Task objective: Both the line below containing "โปรแกรมตรวจสุข" and the line containing "Green Stretch Cotton Strap Dress Size", along with every line between them, should be repeated exactly; no other line belongs in the answer.

-- Available records follows --

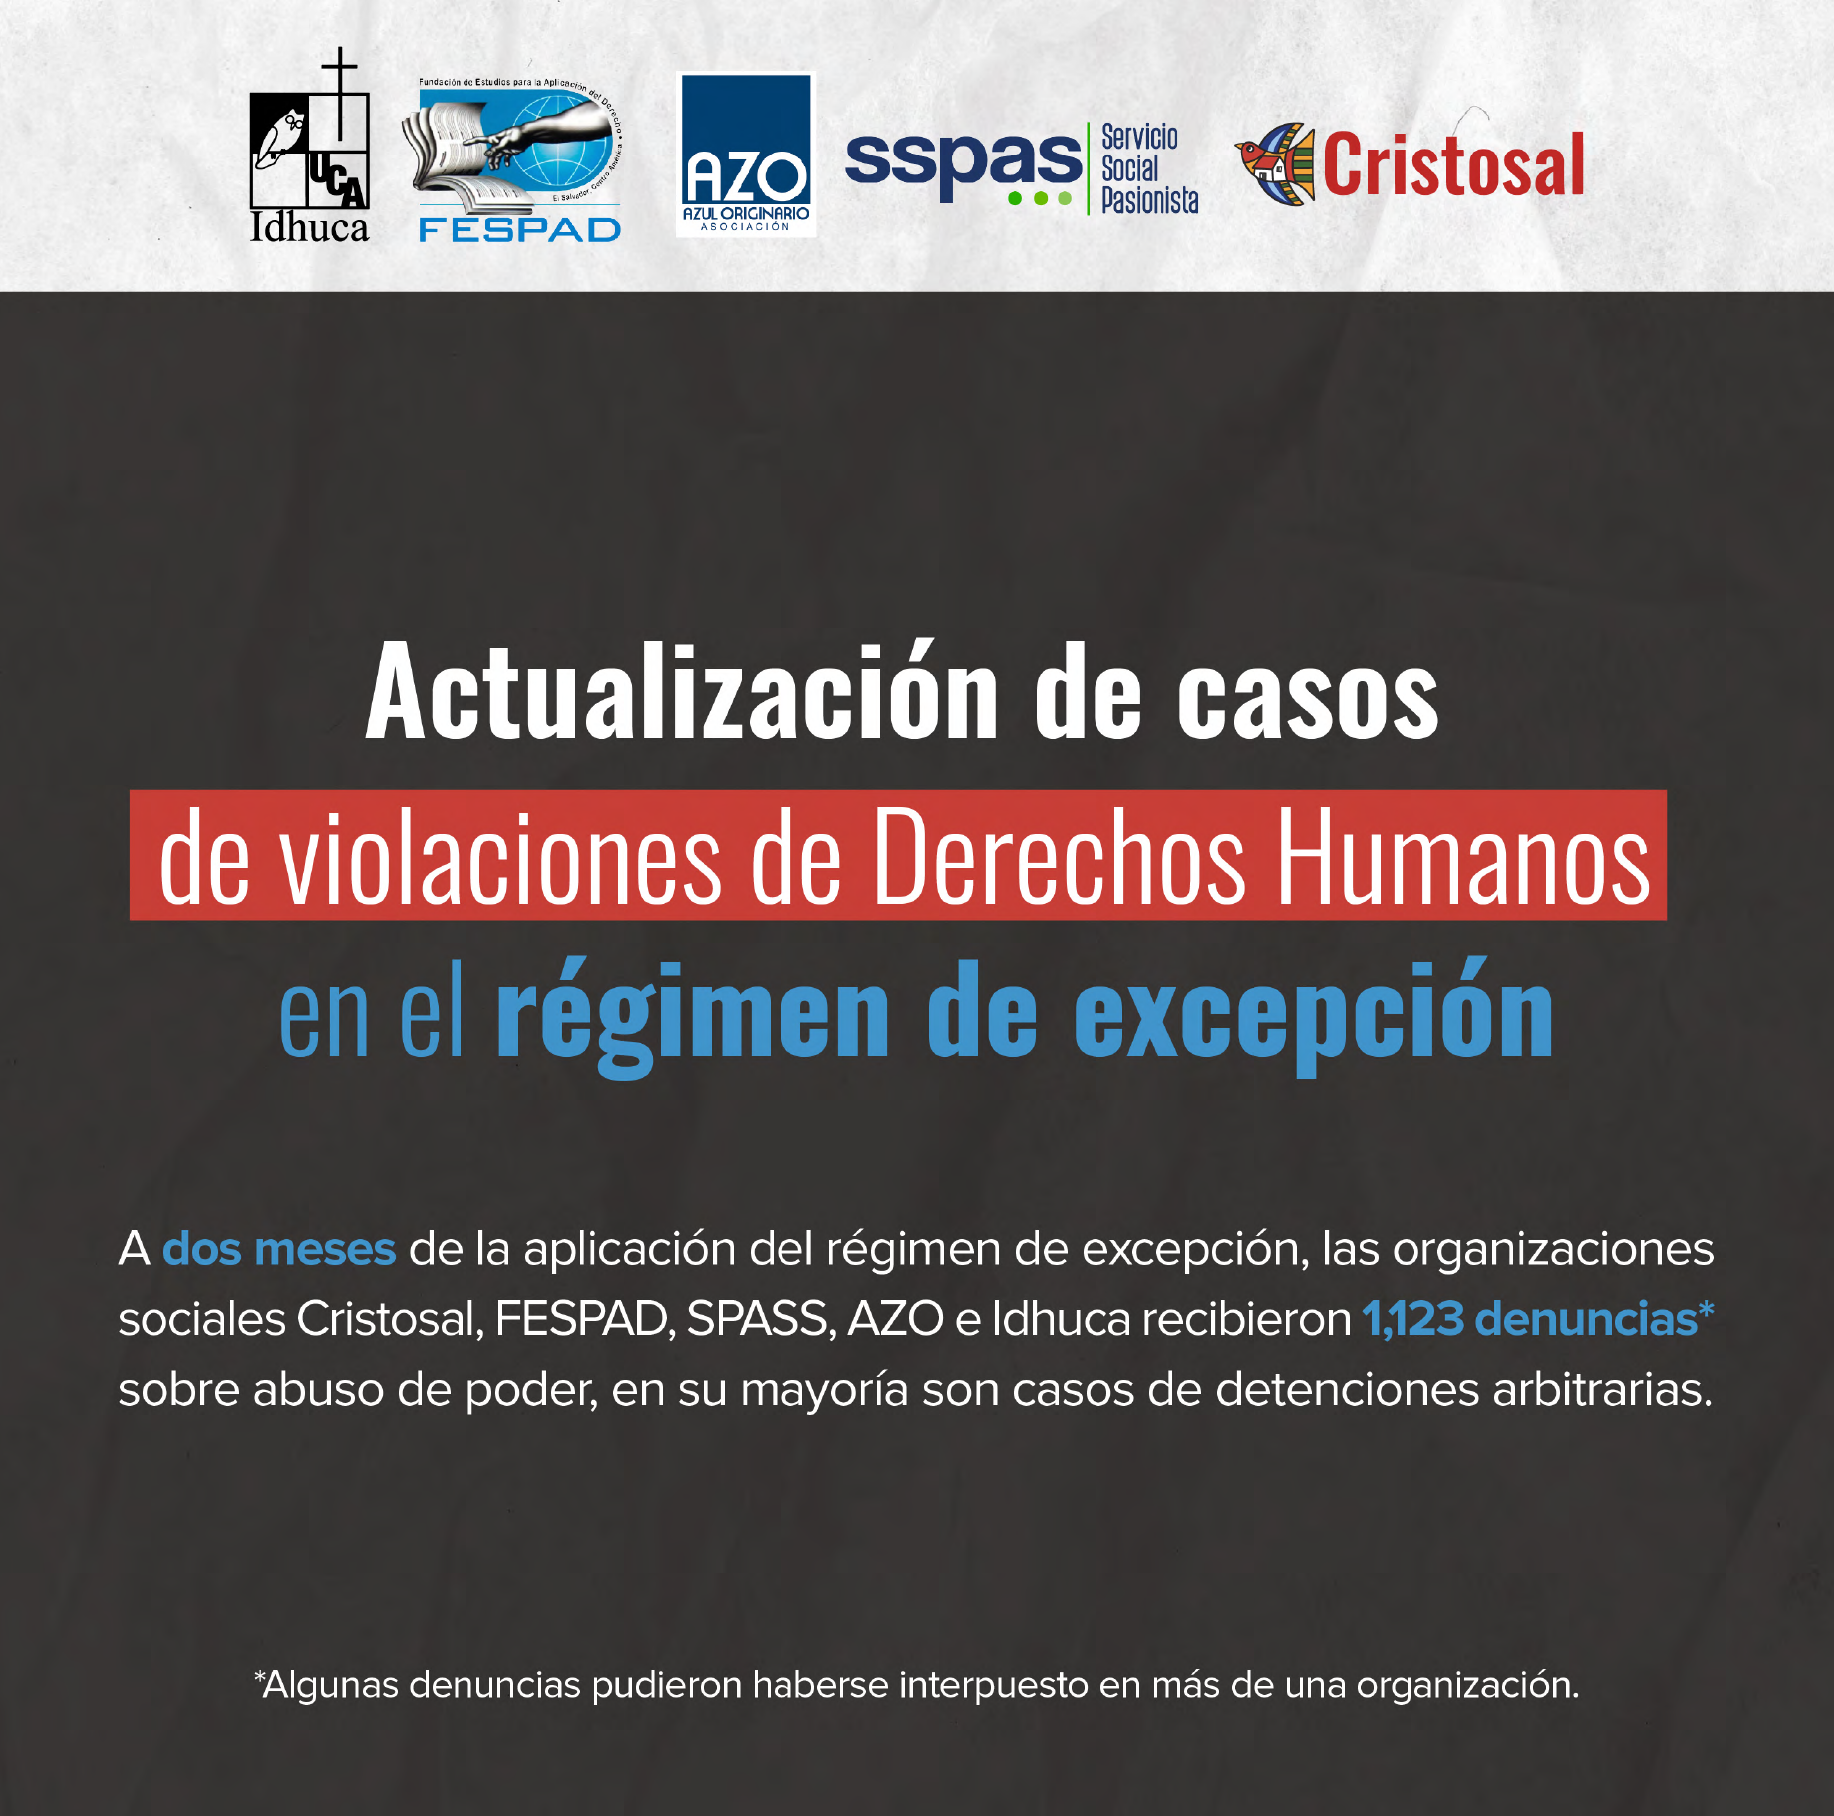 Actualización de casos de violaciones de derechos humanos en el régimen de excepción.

-- Available records concluded --
-- Available records follows --

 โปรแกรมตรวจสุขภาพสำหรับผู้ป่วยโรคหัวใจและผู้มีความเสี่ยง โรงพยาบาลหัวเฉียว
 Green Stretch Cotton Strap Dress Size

-- Available records concluded --

The answer:
 โปรแกรมตรวจสุขภาพสำหรับผู้ป่วยโรคหัวใจและผู้มีความเสี่ยง โรงพยาบาลหัวเฉียว
 Green Stretch Cotton Strap Dress Size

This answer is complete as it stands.